Da quando è scoppiata la guerra in Ucraina, l’Unione europea ha ridotto i finanziamenti per progetti umanitari, destinando una parte sostanziale dei fondi al sostegno, anche militare, a Kiev. Gli Stati Uniti, uno degli altri principali finanziatori dei progetti umanitari in Uganda, hanno dimezzato i fondi negli ultimi due anni, come riporta Euronews.

La diminuzione dei finanziamenti, unita al flusso migratorio in continua crescita e al tasso di natalità elevato, rende la situazione sempre più difficile. Sebbene i rifugiati abbiano accesso agli stessi ospedali e scuole della popolazione locale, questo a volte porta a tensioni, in quanto la competizione per risorse limitate diventa più accesa.

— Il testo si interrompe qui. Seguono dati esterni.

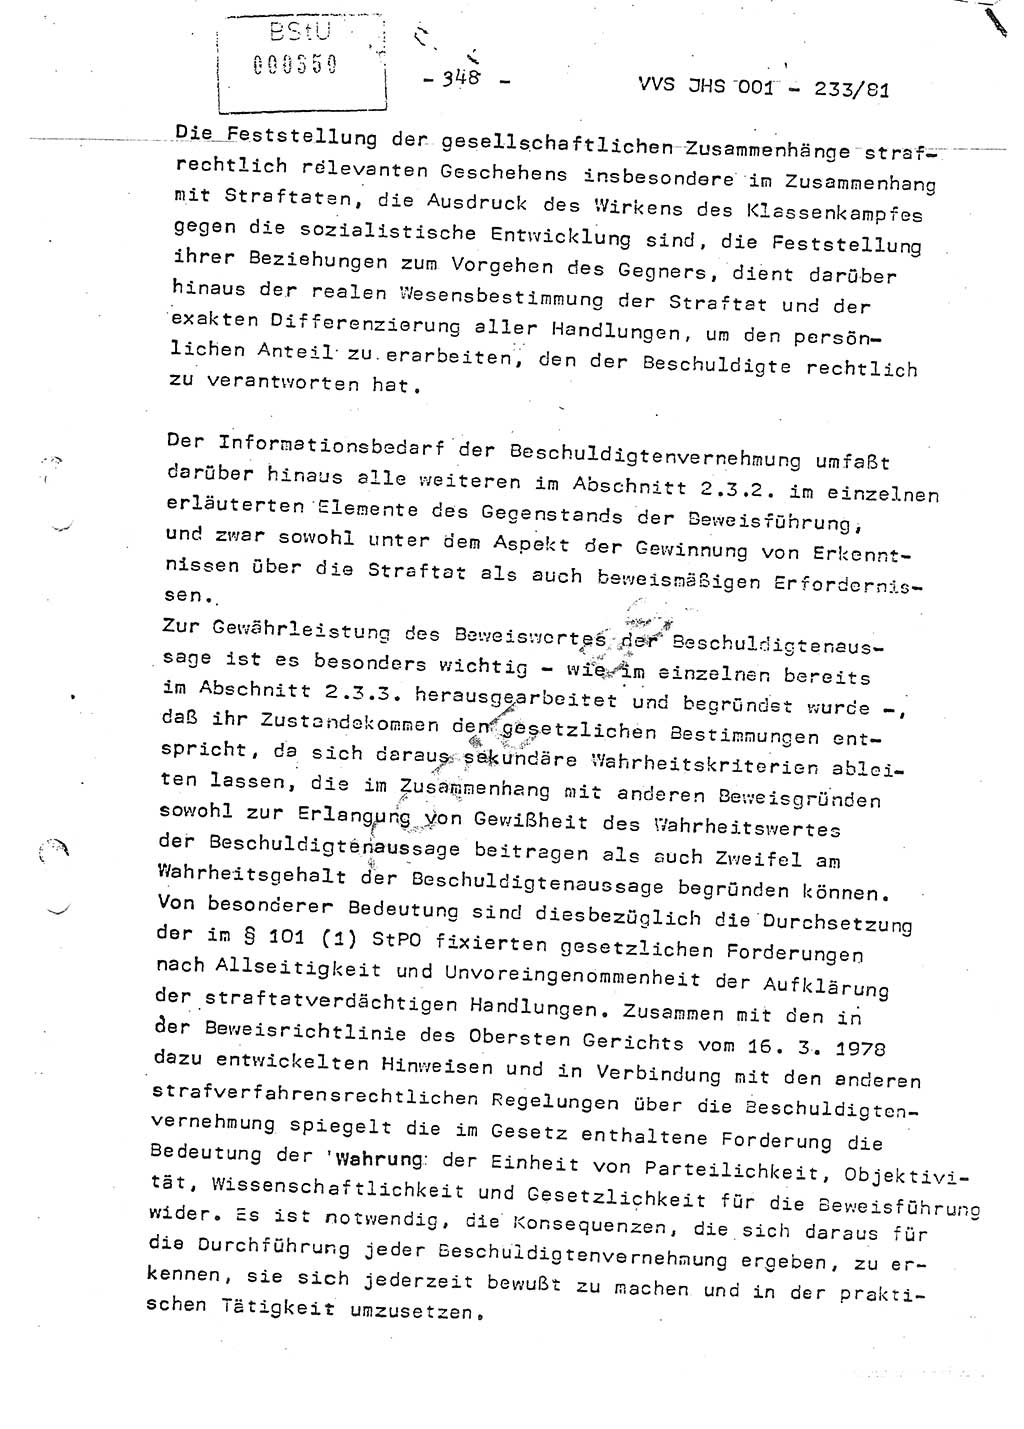 Dissertation Oberstleutnant Horst Zank (JHS), Oberstleutnant Dr. Karl-Heinz Knoblauch (JHS), Oberstleutnant Gustav-Adolf Kowalewski (HA Ⅸ), Oberstleutnant Wolfgang Plötner (HA Ⅸ), Ministerium für Staatssicherheit (MfS) [Deutsche Demokratische Republik (DDR)], Juristische Hochschule (JHS), Vertrauliche Verschlußsache (VVS) o001-233/81, Potsdam 1981, Blatt 348 (Diss. MfS DDR JHS VVS o001-233/81 1981, Bl. 348)

«È urgentemente necessario un sostegno internazionale per aiutare l’impegno dell’Uganda nei confronti dei rifugiati», ha dichiarato Filippo Grandi, Alto Commissario delle Nazioni unite per i rifugiati, al termine della sua visita in Uganda la scorsa settimana. Ma la riduzione dei finanziamenti umanitari non colpisce solo l’Uganda. A metà settembre il World Food Programme (Wfp) ha affermato che il deficit di finanziamento di oltre il 60 per cento di quest’anno è stato il più alto nei 60 anni di storia del Wfp, una condizione che ha portato a tagliare le razioni di cibo in quasi la metà dei progetti attivi.

Con più di 730 milioni di persone che vivono in una condizione di fame nel 2023 «Se non riceviamo il supporto di cui abbiamo bisogno per evitare un’ulteriore catastrofe, il mondo vedrà senza dubbio più conflitti, più disordini e più fame», ha affermato Cindy McCain, direttrice esecutiva del Wfp.